**Exercise requirements**
Reproduce every line of the data, exactly and without its pictures.

**Data below**
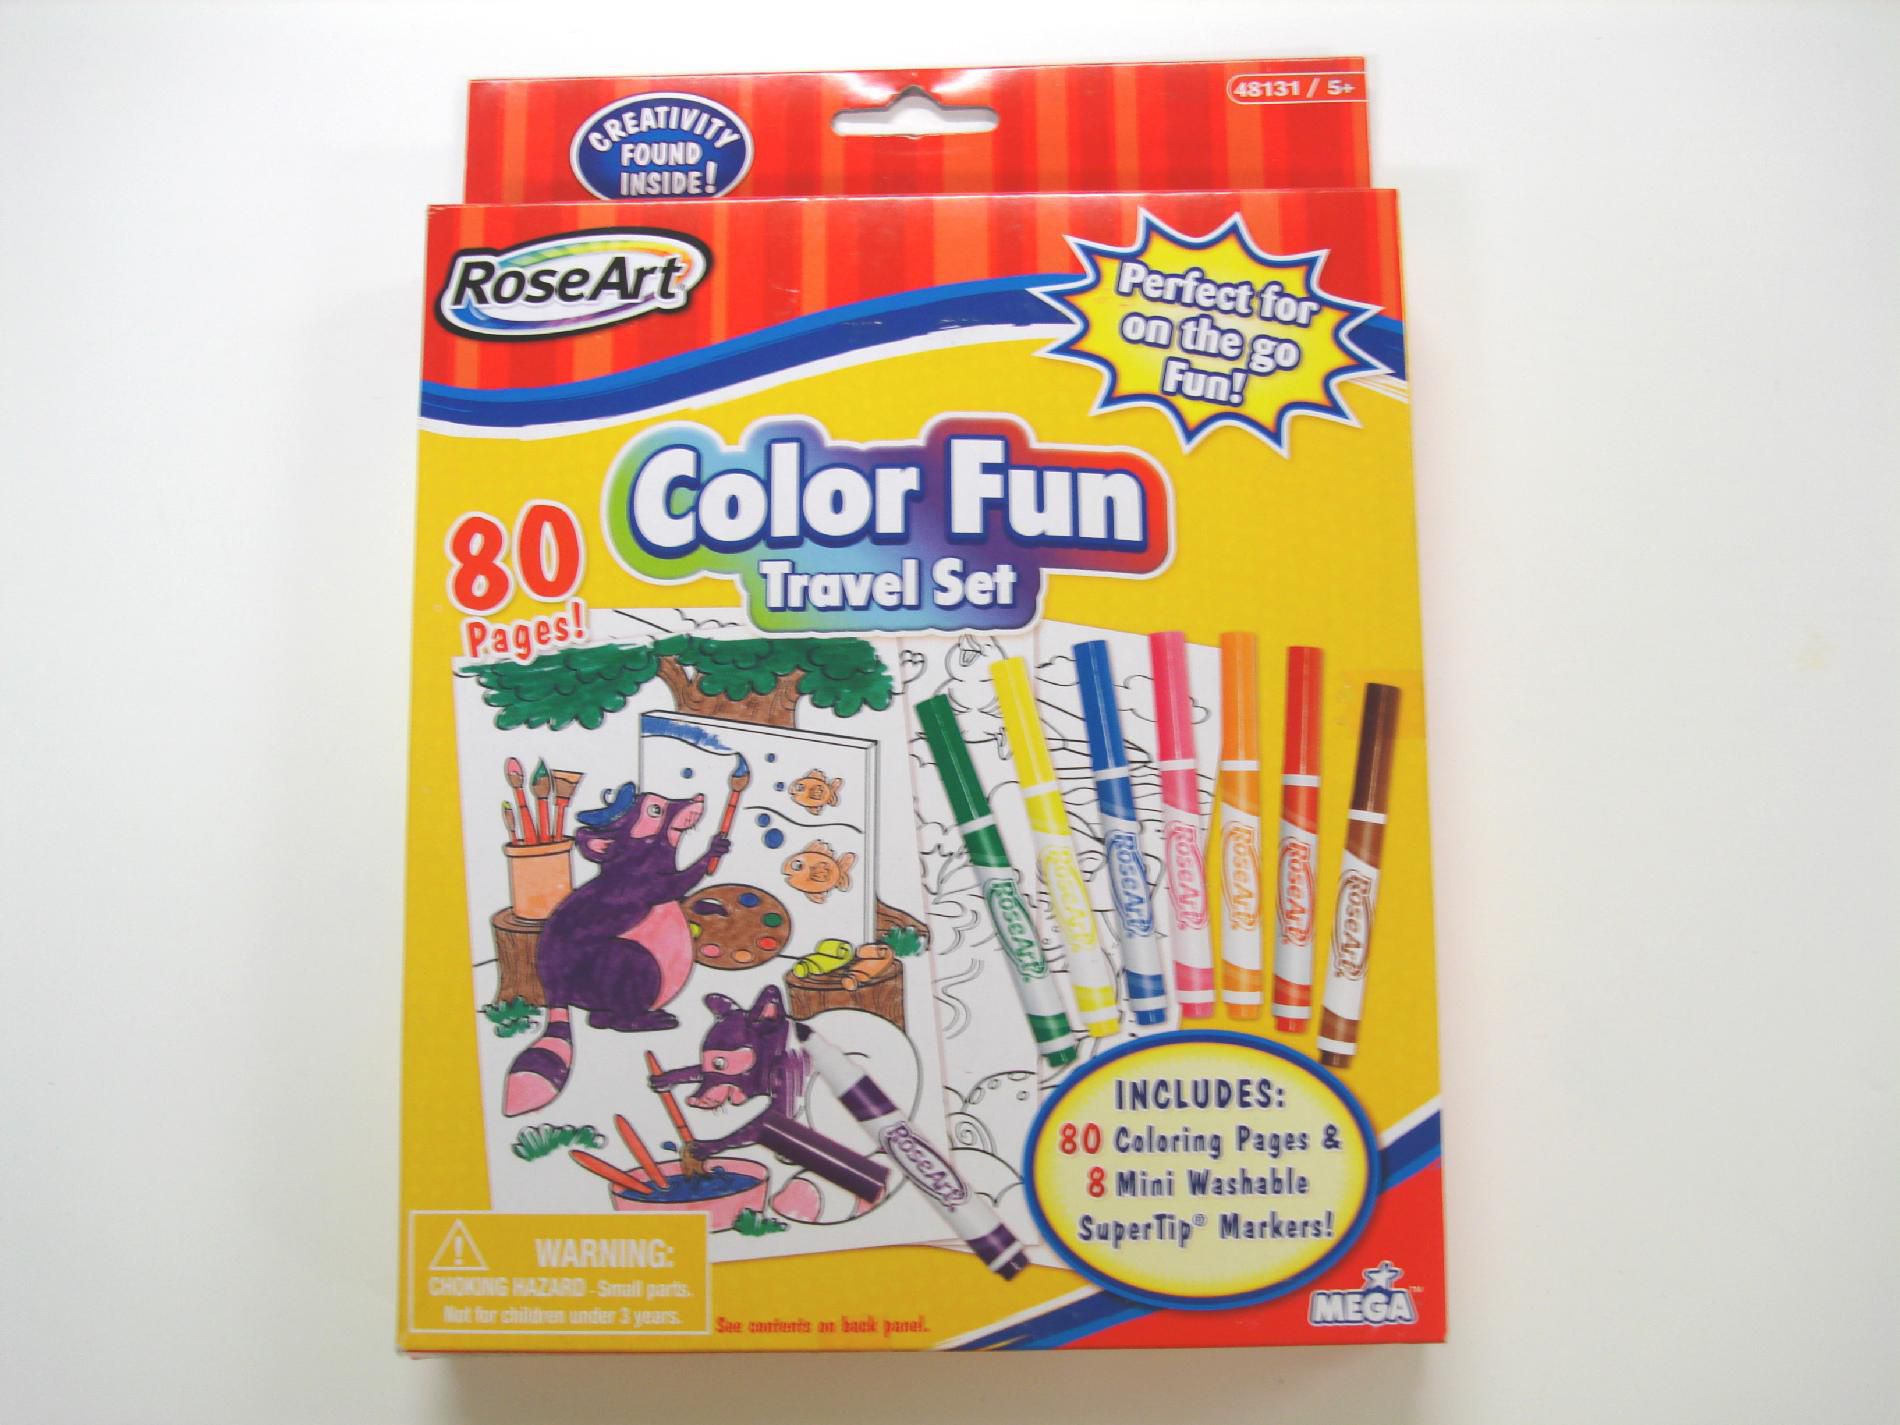 RoseArt Color Fun Travel Set 80 pages, 8 mini Washable Super Tip Markers
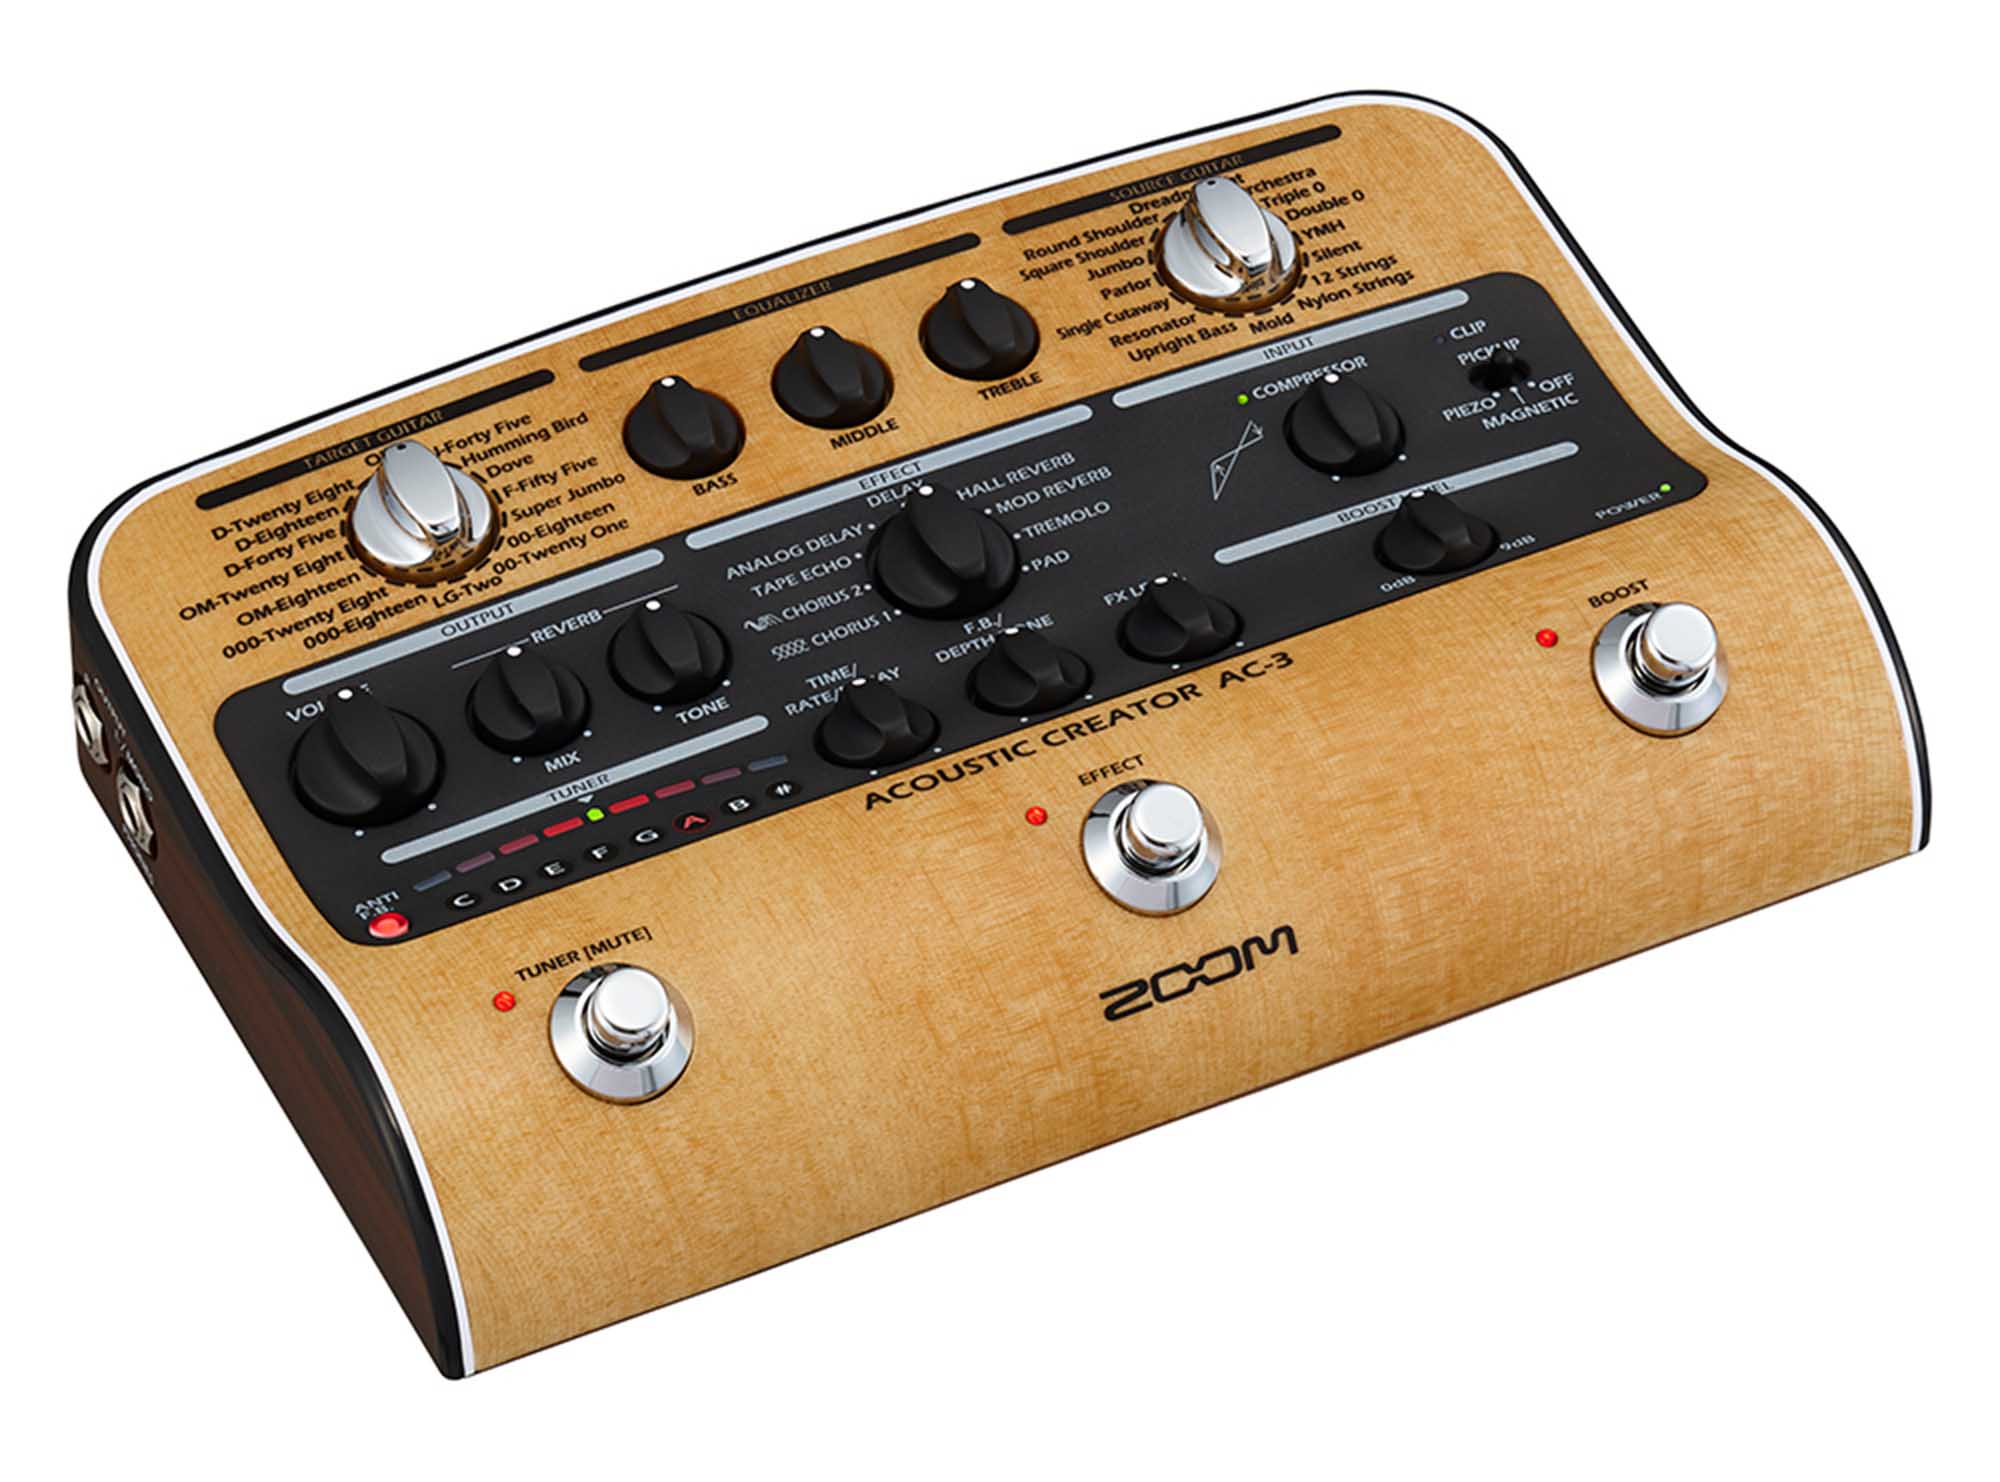 Zoom AC-3 Acoustic Creator Multi-Effects Pedal - Hollywood DJ
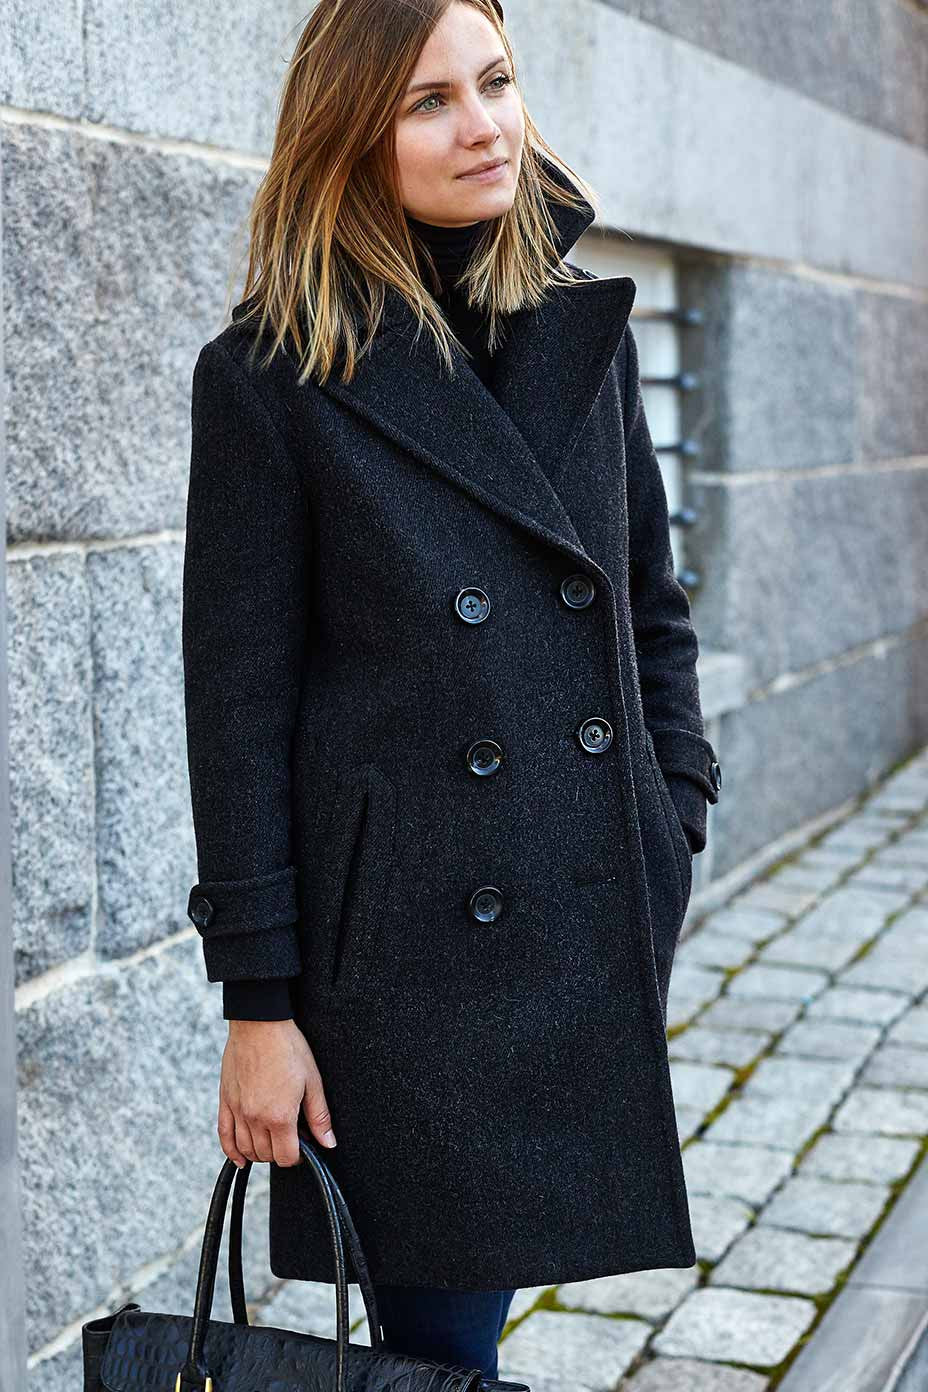 Emerson Peacoat - Charcoal Wool Cashmere
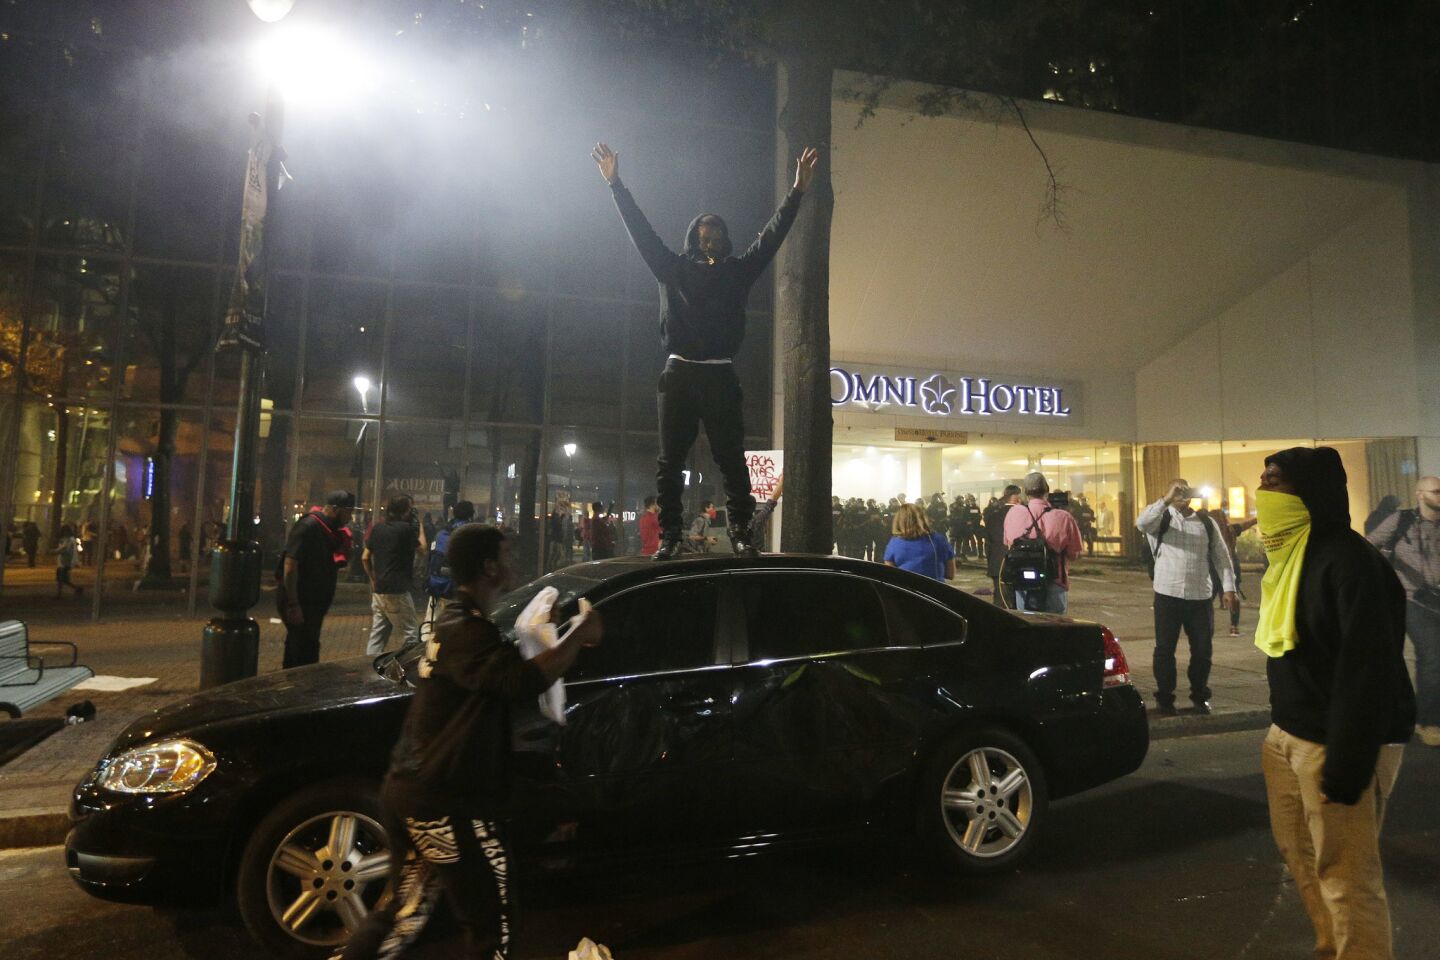 Protests break out in North Carolina after police fatally shoot black man

**Output**
 RoseArt Color Fun Travel Set 80 pages, 8 mini Washable Super Tip Markers
 Zoom AC-3 Acoustic Creator Multi-Effects Pedal - Hollywood DJ
 Emerson Peacoat - Charcoal Wool Cashmere
 Protests break out in North Carolina after police fatally shoot black man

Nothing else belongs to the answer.